The cost of purchasing a new home in the United States has reached an all-time high, creating an affordability challenge for many Americans.
According to the latest data from Redfin, the median U.S. home sale price in June climbed to $397,954—a nearly 5% increase from the same period last year, marking the largest annual jump since March.
The surge in home prices is compounded by elevated mortgage rates, which have remained high throughout the year.
The median interest rate for a 30-year mortgage now stands at 6.86%, translating into a monthly mortgage payment of approximately $2,749.
This figure is perilously close to the record monthly payment of $2,837 set in April, slightly offset by a modest decrease in mortgage rates.
Lisa Sturtevant, chief economist at Bright MLS, highlights the core issue facing the market: “High mortgage rates and record-setting home prices have made affordability the biggest challenge in the housing market in 2024.”
Sturtevant notes that the influx of new listings is insufficient to ease the burden, as increasing numbers of potential buyers find themselves priced out. The anticipation of potential rate decreases later in the year may prompt some buyers to delay their purchases, potentially leading to a slower summer for home sales.
Several factors contribute to this affordability crisis. A significant shortage of homes, fueled by years of underbuilding, has been exacerbated by rising mortgage rates and costly construction materials.
Furthermore, those who secured mortgages at record-low rates during the pandemic are reluctant to sell, creating a “golden handcuff” effect that restricts supply and limits options for prospective buyers.
Economists predict that mortgage rates will remain high for the majority of 2024, with only slight reductions expected following anticipated cuts in Federal Reserve rates. However, it is unlikely that rates will return to the historic lows experienced during the pandemic, with market predictions leaning towards only one or two rate cuts this year.
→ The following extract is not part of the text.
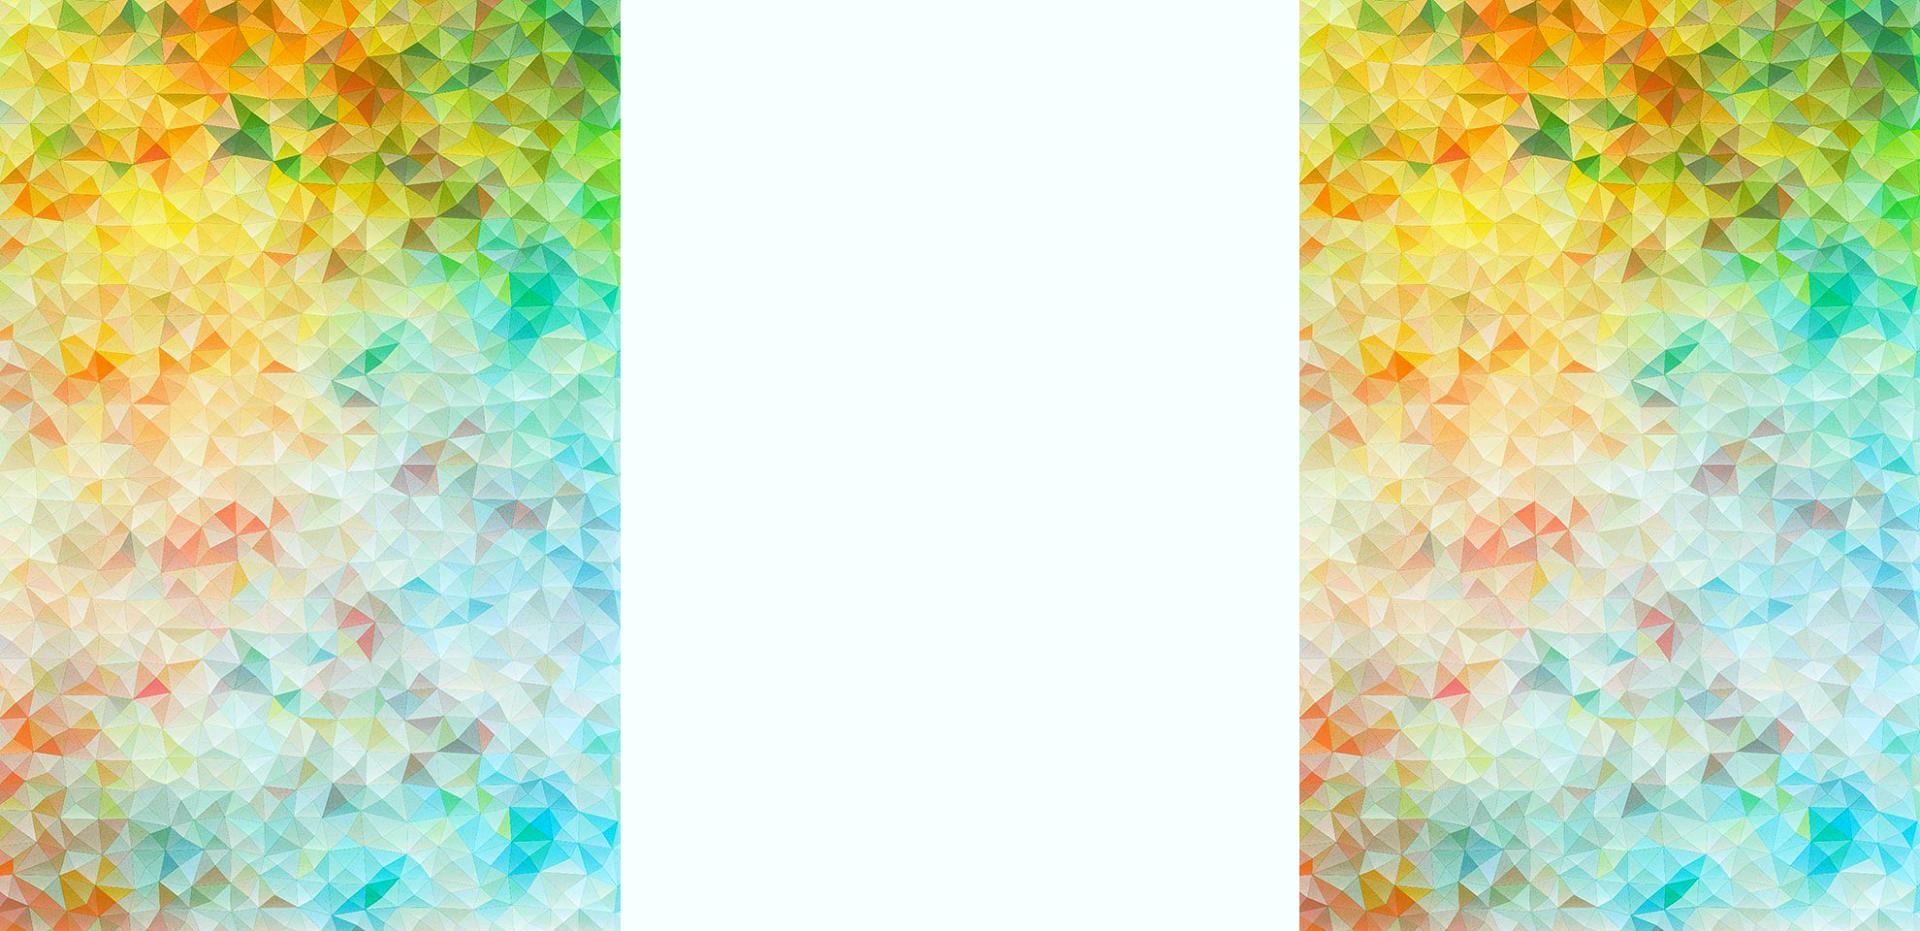 bg_textura03_edited.jpg

Mortgage giant Freddie Mac reports a slight increase this week in the average rate on a 30-year loan to 6.95%, still significantly lower than last fall’s peak of 7.79% but starkly higher than the 3% lows of the pandemic era.
The supply of available homes remains substantially reduced, down 34.3% from levels seen before the COVID-19 pandemic struck in early 2020, according to Realtor.com.
The prospect of selling becomes more appealing to homeowners as mortgage rates rise, with a Zillow survey indicating that homeowners are nearly twice as likely to consider selling if their mortgage rate reaches 5% or higher. Currently, about 80% of mortgage holders enjoy rates below this threshold.